Task brief: Across the whole listing, filter for the string "Shirt" and copy every line that has it.

Input data:
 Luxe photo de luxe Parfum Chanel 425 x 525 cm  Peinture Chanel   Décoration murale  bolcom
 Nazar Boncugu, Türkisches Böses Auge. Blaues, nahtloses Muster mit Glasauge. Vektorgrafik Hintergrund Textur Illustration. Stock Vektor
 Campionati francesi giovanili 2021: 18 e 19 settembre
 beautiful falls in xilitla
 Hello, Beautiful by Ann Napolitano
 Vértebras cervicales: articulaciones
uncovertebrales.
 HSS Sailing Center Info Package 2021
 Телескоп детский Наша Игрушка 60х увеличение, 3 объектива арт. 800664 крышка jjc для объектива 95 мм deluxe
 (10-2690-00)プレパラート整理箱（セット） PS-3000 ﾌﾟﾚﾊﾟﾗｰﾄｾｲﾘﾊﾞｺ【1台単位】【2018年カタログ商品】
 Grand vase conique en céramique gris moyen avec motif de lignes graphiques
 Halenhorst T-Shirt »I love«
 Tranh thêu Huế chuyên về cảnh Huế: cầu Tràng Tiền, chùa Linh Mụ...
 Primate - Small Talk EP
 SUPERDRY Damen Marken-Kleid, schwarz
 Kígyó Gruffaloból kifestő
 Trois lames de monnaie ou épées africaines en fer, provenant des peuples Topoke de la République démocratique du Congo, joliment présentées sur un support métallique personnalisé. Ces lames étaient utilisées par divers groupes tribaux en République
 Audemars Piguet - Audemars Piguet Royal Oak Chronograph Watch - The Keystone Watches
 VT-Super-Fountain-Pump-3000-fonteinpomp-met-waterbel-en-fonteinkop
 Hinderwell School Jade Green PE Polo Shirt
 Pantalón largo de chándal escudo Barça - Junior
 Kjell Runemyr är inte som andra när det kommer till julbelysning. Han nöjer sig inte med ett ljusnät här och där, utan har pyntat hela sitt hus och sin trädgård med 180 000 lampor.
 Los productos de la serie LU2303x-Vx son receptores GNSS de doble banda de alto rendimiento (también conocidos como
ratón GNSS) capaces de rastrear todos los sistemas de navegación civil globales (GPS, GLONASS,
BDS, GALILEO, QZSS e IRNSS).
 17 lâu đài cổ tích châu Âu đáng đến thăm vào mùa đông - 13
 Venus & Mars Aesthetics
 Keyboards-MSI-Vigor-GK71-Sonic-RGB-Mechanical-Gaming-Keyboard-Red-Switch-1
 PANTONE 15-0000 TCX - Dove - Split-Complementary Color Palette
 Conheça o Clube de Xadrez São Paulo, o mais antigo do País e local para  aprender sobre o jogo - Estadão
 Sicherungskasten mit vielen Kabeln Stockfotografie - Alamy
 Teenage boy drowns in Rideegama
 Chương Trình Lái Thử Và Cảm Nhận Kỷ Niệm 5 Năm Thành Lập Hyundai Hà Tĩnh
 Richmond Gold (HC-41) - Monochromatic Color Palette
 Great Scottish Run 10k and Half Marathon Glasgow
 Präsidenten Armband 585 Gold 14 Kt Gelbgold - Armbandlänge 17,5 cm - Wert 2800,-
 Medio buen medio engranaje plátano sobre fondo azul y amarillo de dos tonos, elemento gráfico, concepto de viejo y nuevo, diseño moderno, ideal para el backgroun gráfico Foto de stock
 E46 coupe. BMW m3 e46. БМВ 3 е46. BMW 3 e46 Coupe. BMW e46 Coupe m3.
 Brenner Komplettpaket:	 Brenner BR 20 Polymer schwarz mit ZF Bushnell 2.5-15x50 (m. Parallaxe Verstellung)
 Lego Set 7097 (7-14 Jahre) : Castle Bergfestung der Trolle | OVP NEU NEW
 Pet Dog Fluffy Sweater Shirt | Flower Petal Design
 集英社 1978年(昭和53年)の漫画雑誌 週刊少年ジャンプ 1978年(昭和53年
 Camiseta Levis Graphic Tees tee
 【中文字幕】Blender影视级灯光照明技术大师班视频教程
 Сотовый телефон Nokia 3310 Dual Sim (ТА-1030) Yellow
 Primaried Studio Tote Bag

Result below:
 Halenhorst T-Shirt »I love«
 Hinderwell School Jade Green PE Polo Shirt
 Pet Dog Fluffy Sweater Shirt | Flower Petal Design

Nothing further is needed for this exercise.